NOTE: If the species is not human, you should download the corresponding transcriptome reference, t2g and gtf files, from your favorite source.

In [None]:
%cd /content/gdrive/MyDrive/trailmaker_course
!mkdir ./human-ref

In [None]:
species = "human"

!curl -O https://cf.10xgenomics.com/supp/cell-exp/refdata-gex-GRCh38-2020-A.tar.gz
!tar -xvf refdata-gex-GRCh38-2020-A.tar.gz --directory /content/gdrive/MyDrive/trailmaker_course/human-ref
!rm refdata-gex-GRCh38-2020-A.tar.gz

Build the reference:

In [None]:
# specify directories/files
ref_dir="/content/gdrive/MyDrive/trailmaker_course/human-ref/refdata-gex-GRCh38-2020-A/"
transcriptome = ref_dir + "transcriptome.idx"
t2g = ref_dir + "t2g.txt"
cdna = ref_dir + "cdna.fa"
genome= ref_dir + "fasta/genome.fa"
gtf= ref_dir + "genes/genes.gtf"

# run kb ref
!kb ref -i $transcriptome -g $t2g -f1 $cdna $genome $gtf

## Generate a raw count matrix

To generate the count matrices for each sample, we have to run `kb count`. This tool needs several arguments to run:
1. `-i`: the index file, generated by `kb ref`.
2. `-g`: the gtf file.
3. `-x`: the technology.
4. `-o`: the output folder.
5. The fastq files. Should be an even number of files, and the same amount of R1's and R2's. You should add all R1's and R2's corresponding to the sample separated by spaces (or \ to break the line). And they should be ordered R1 then R2, then R1... etc.

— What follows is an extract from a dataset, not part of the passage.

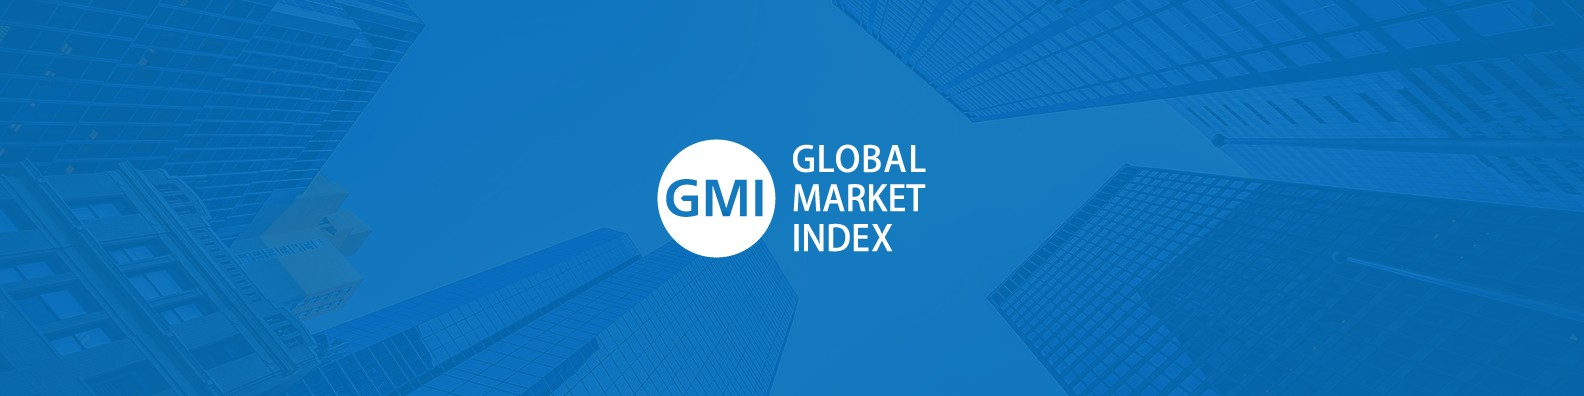 Global Market Index Limited | LinkedIn
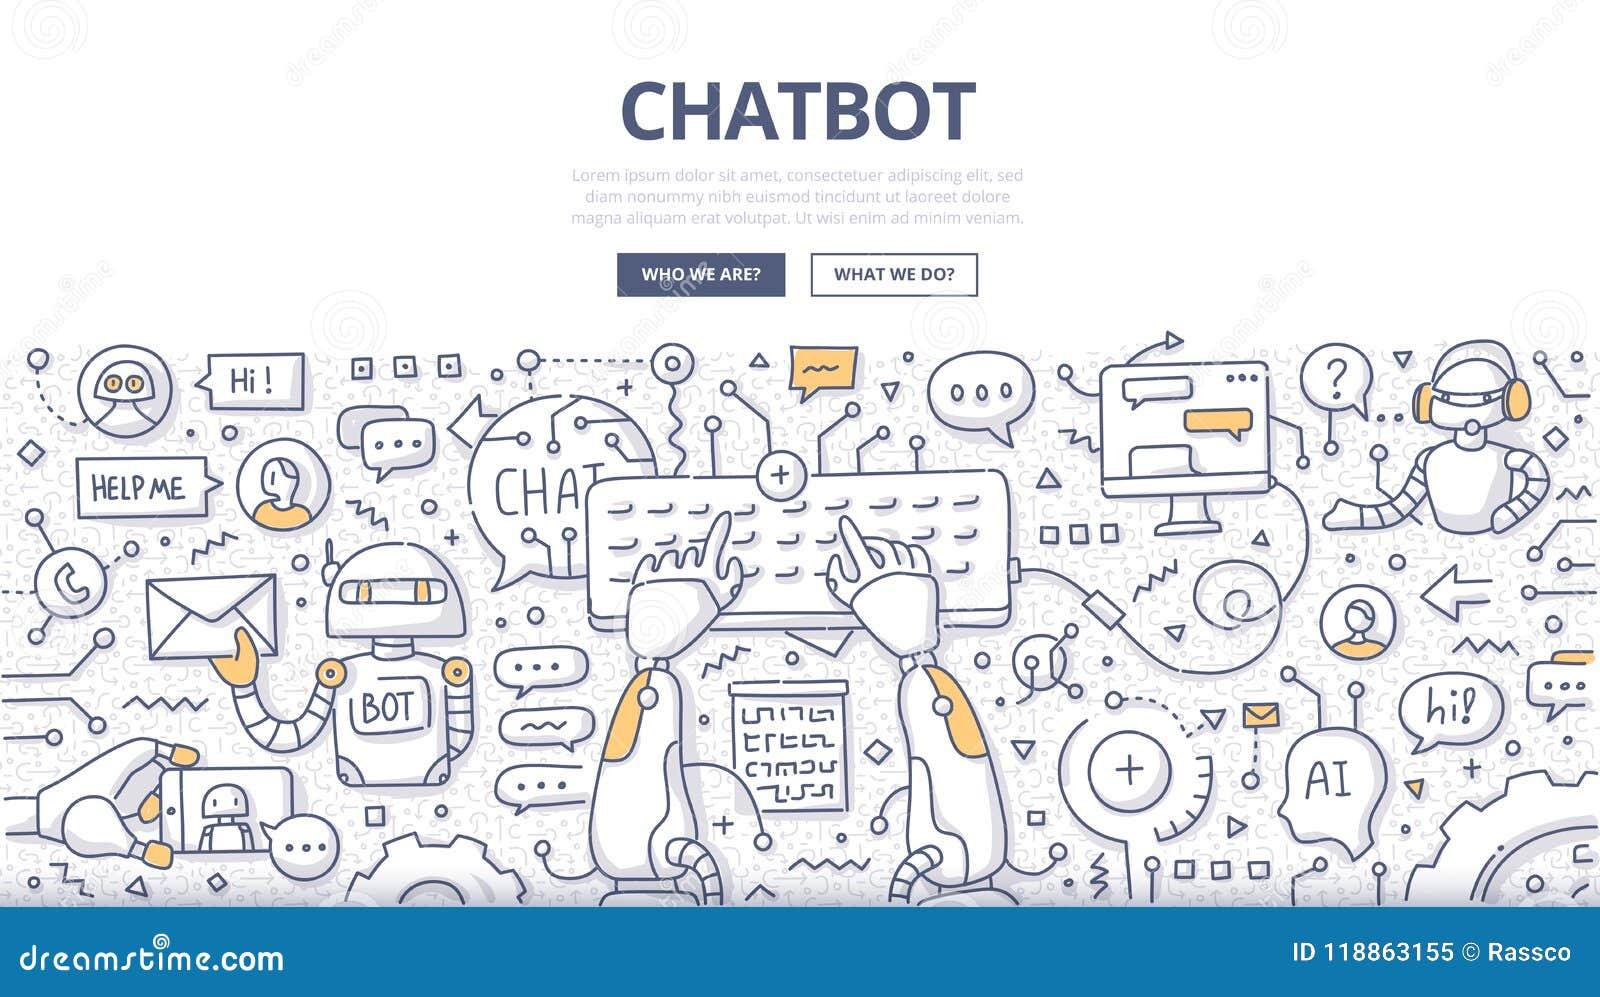 Chatbot-Gekritzel-Konzept

This needs doing for each sample. In this case we have only one sample with 2 fastq files.
Fastq files can be found in the folder "trailmaker_course/fastq_files/"

In [None]:
# specify directories/files
ref_dir="/content/gdrive/MyDrive/trailmaker_course/human-ref/refdata-gex-GRCh38-2020-A/"
transcriptome = ref_dir + "transcriptome.idx"
t2g = ref_dir + "t2g.txt"
cdna = ref_dir + "cdna.fa"
genome= ref_dir + "fasta/genome.fa"
gtf= ref_dir + "genes/genes.gtf"


# run kb count
!kb count -i $transcriptome -g $t2g -x "SPLIT-SEQ" -o /content/gdrive/MyDrive/trailmaker_course/pbmc_1k_kbcount_output \
/content/gdrive/MyDrive/trailmaker_course/FASTQ_processing/fastq_files/pbmc_3Mreads_S1_R1.fastq.gz  \
/content/gdrive/MyDrive/trailmaker_course/FASTQ_processing/fastq_files/pbmc_3Mreads_S1_R2.fastq.gz \

# keep adding these lines for the extra samples.

## Convert to files compatible with Trailmaker

Lastly, we have to convert the kallisto bustools output to count matrices files that can be uploaded to Trailmaker Insights (one folder per sample, each with barcodes/features/matrix files). For that we have an R script that does it automatically. The convert_kbout_to_matrices.R file is inside the same folder as the notebook. Running the following cell should take care of things, but in case there are issues, the simplest solution is to run the contents of the script interactively in Rstudio.

In [None]:
%cd /content/gdrive/MyDrive/trailmaker_course
!Rscript /content/gdrive/MyDrive/trailmaker_course/FASTQ_processing/convert_kbout_to_matrices.R "human"

The files generated (you should find them in the folder "trailmaker_course/pbmc_1k") are ready to be uploaded to Trailmaker!